◆ **WORK TO COMPLETE**: The task calls for the lines below from the line with "alla hjärtans dag" to the line with "Chodnik biegnący przez", both ends included, copied exactly, without any pictures.

--- SOURCE MATERIAL Enclosed Below ---

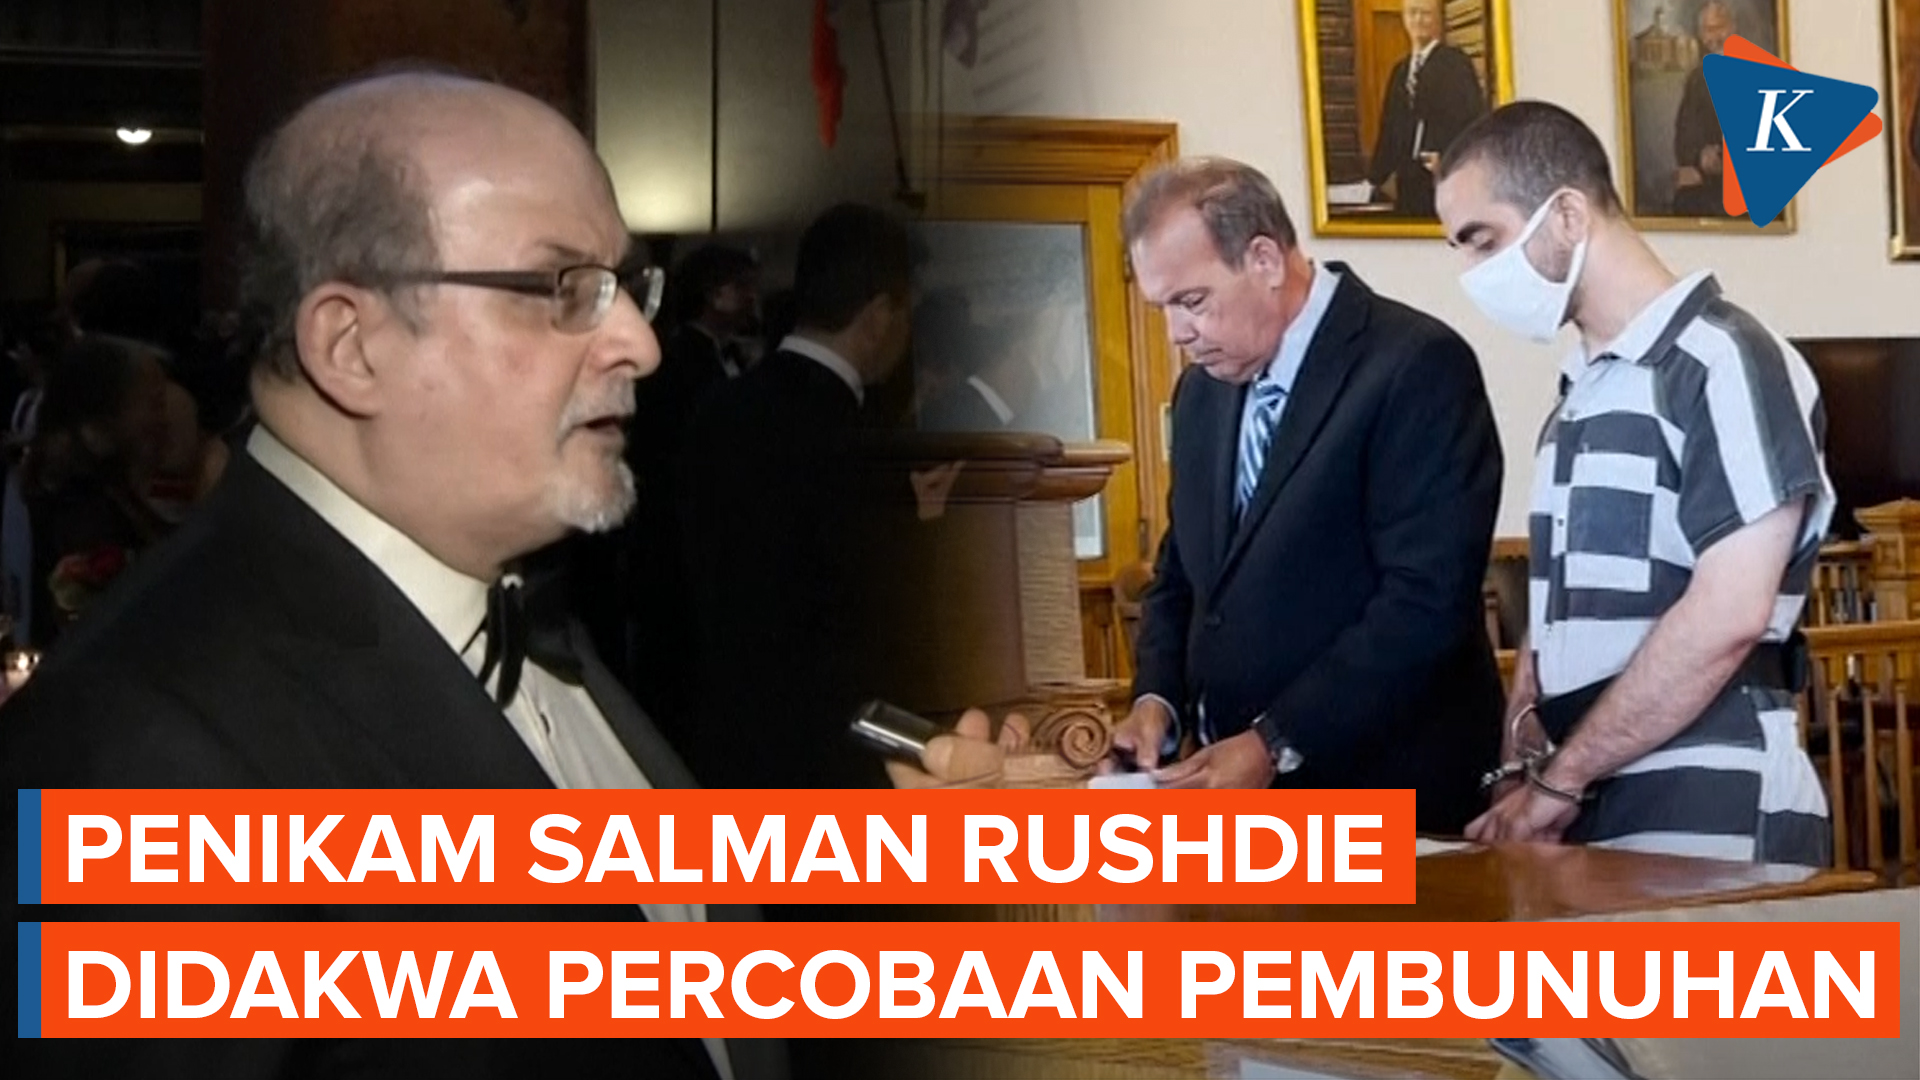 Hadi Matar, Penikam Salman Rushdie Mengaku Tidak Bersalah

--- End of Enclosed SOURCE MATERIAL ---
--- SOURCE MATERIAL Enclosed Below ---

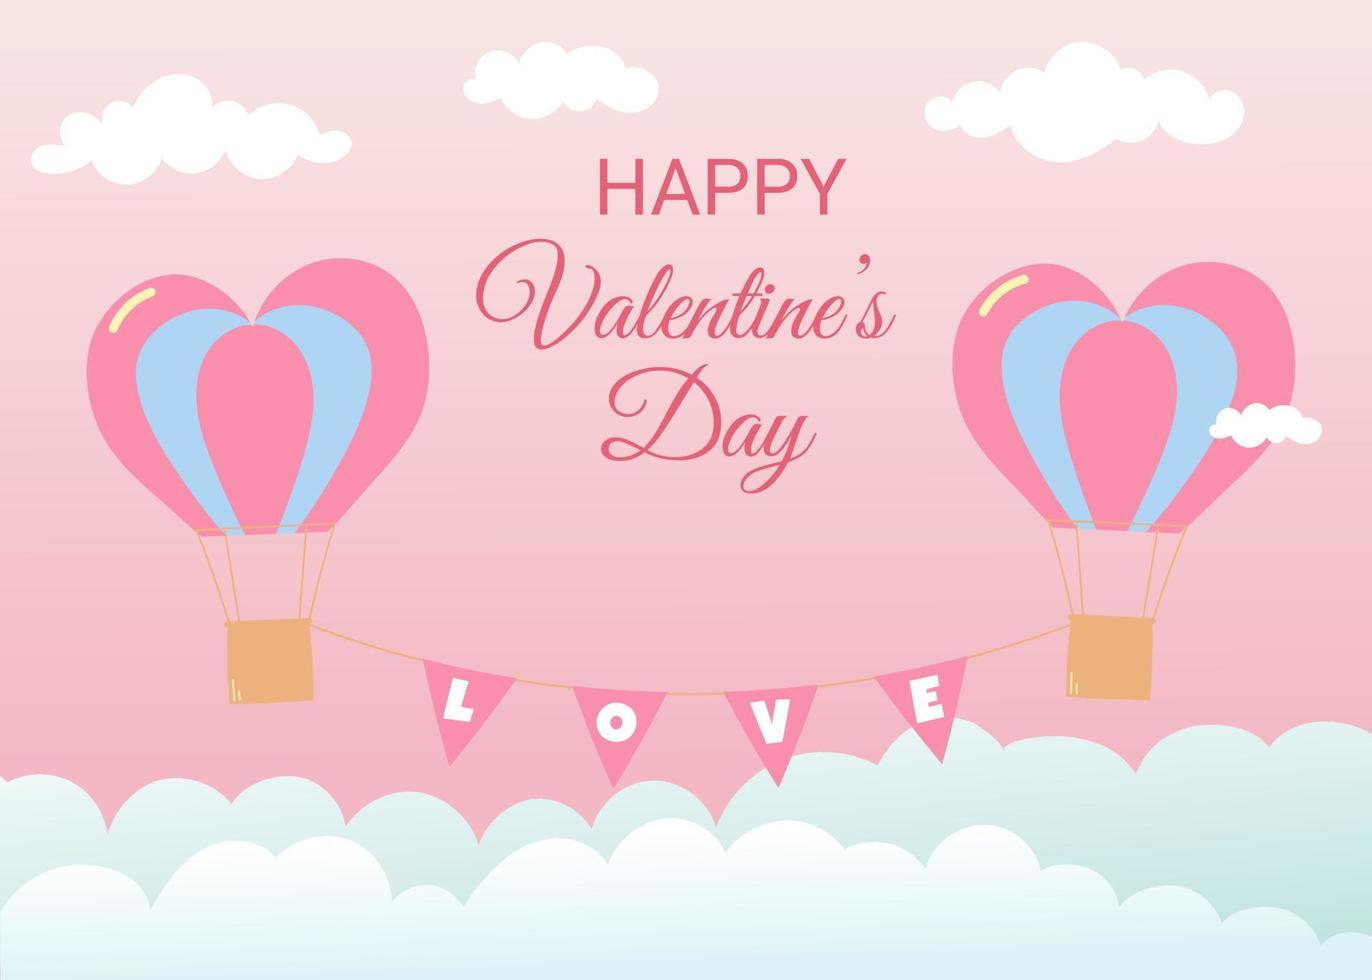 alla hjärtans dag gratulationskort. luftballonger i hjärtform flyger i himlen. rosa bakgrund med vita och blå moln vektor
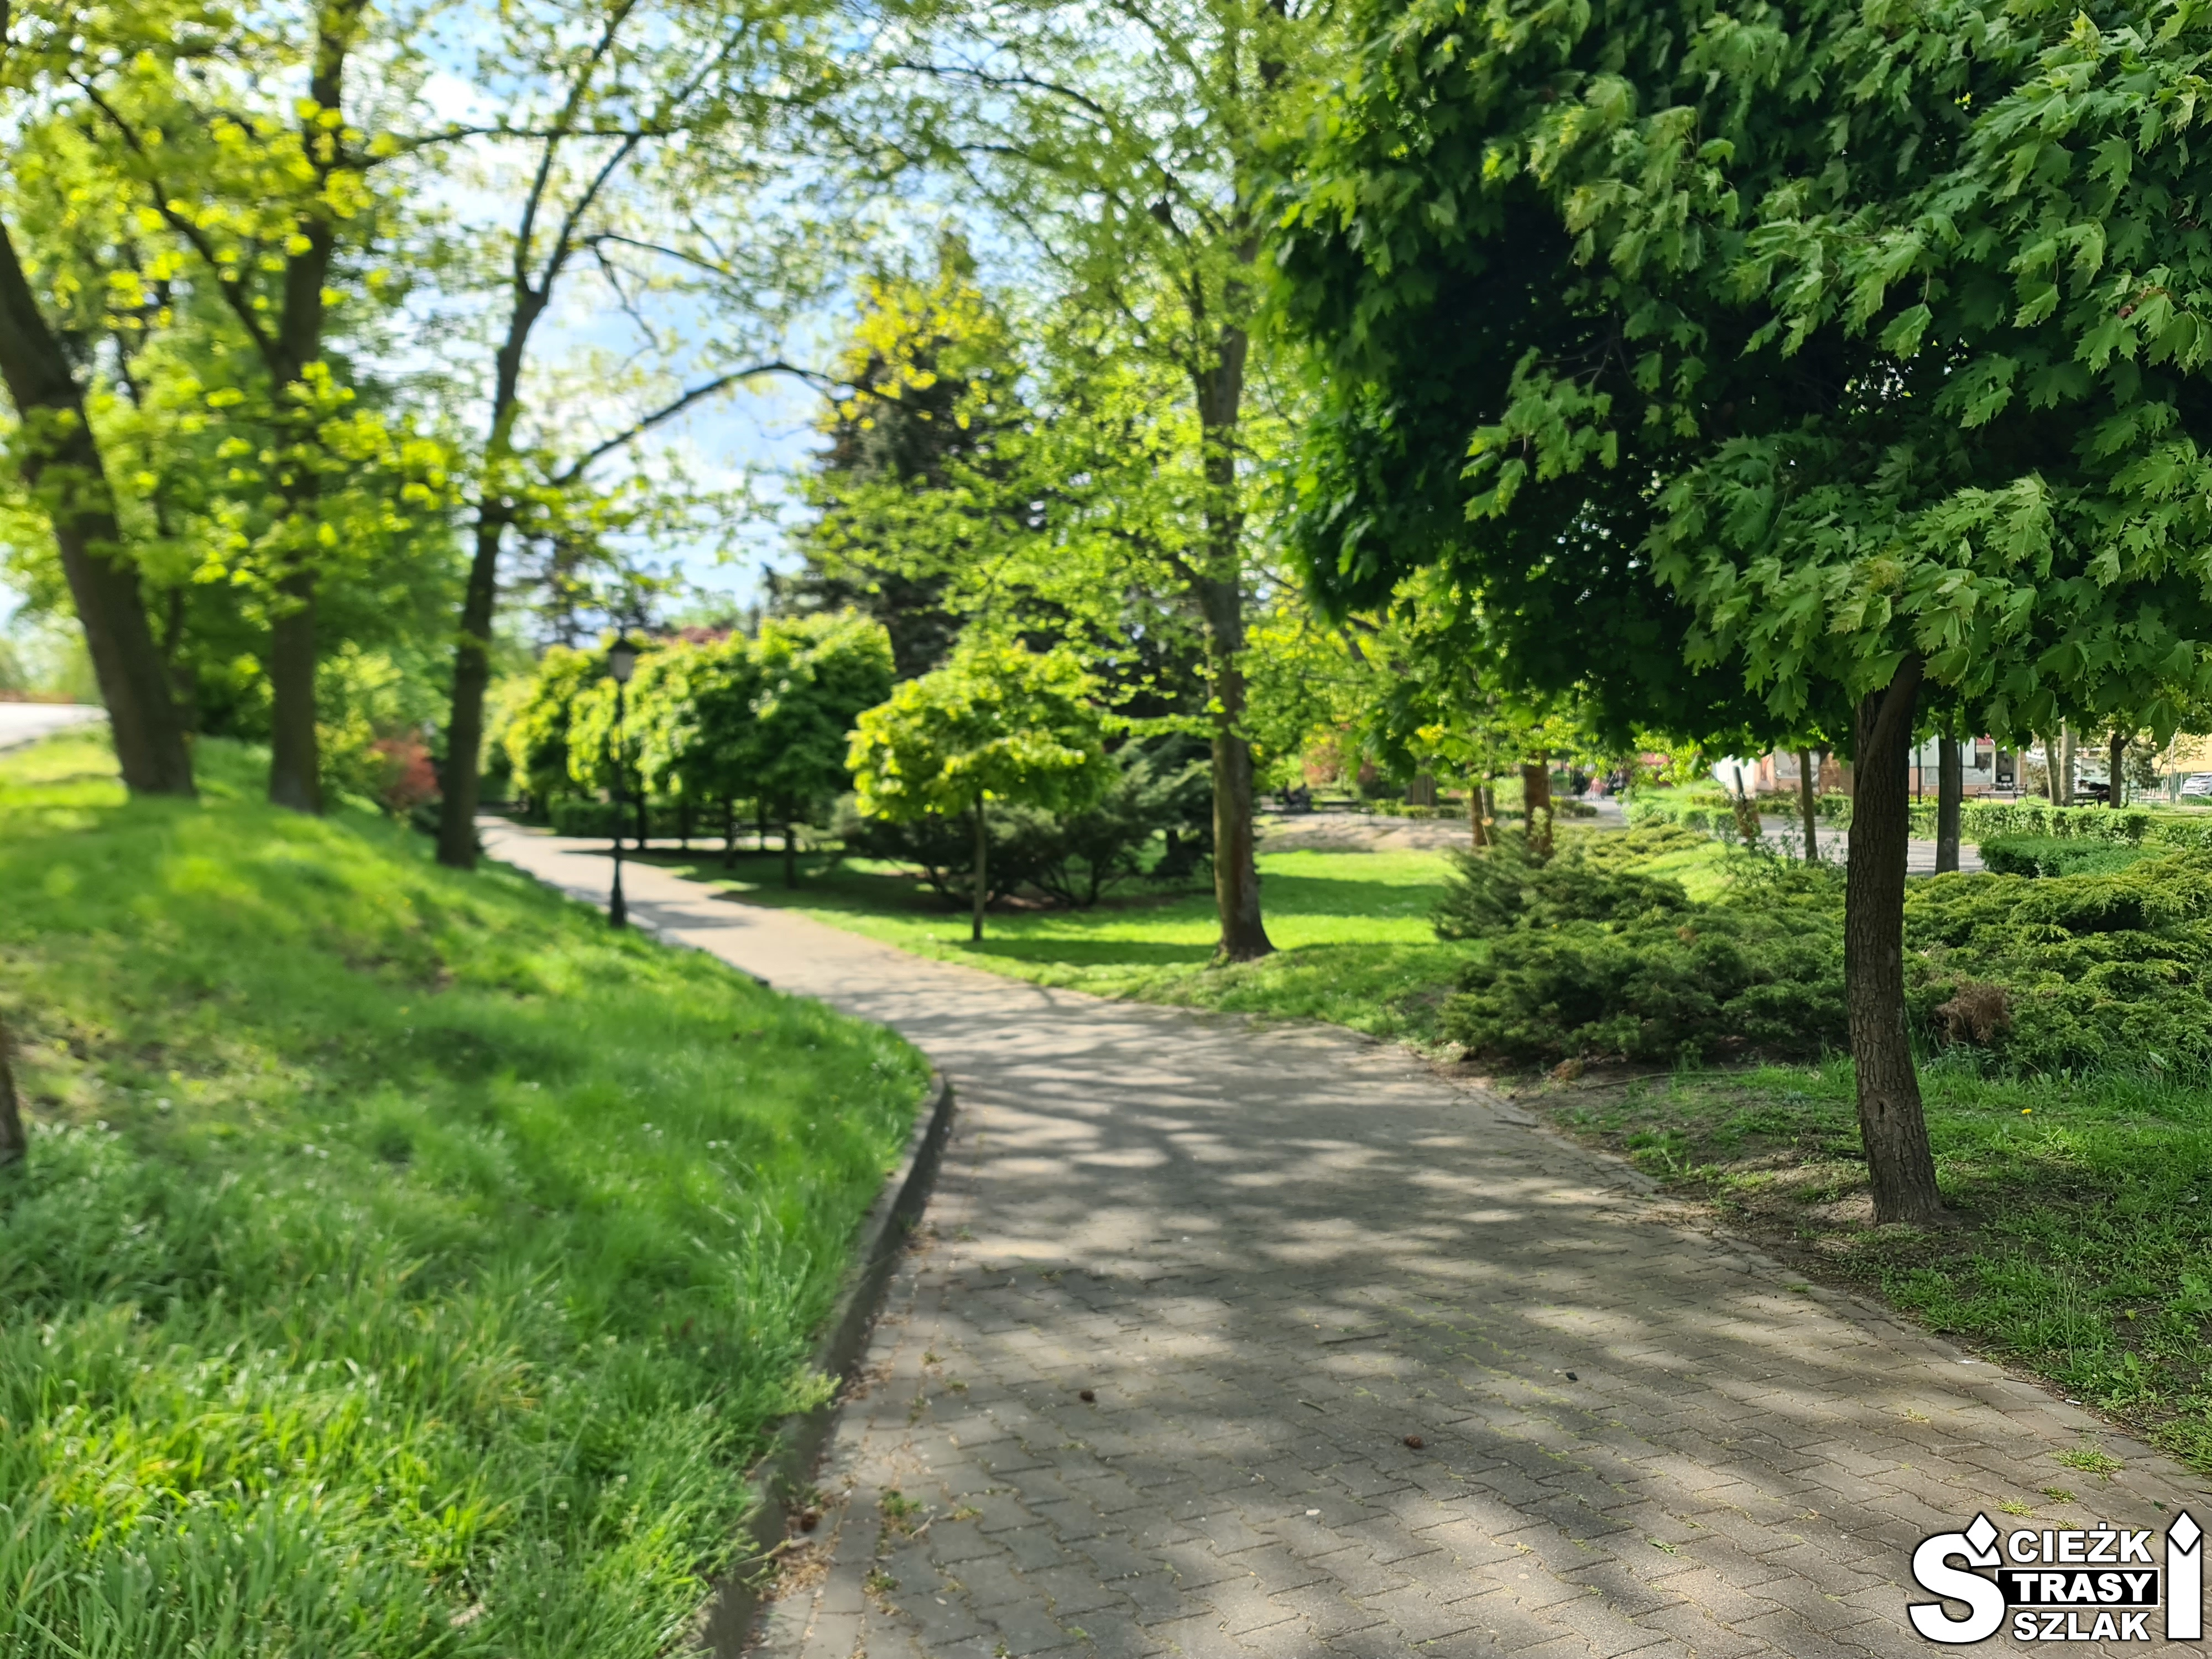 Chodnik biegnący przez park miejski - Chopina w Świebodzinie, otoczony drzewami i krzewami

--- End of Enclosed SOURCE MATERIAL ---

◆ **SOLUTION FOR THIS PROBLEM**:
 alla hjärtans dag gratulationskort. luftballonger i hjärtform flyger i himlen. rosa bakgrund med vita och blå moln vektor
 Chodnik biegnący przez park miejski - Chopina w Świebodzinie, otoczony drzewami i krzewami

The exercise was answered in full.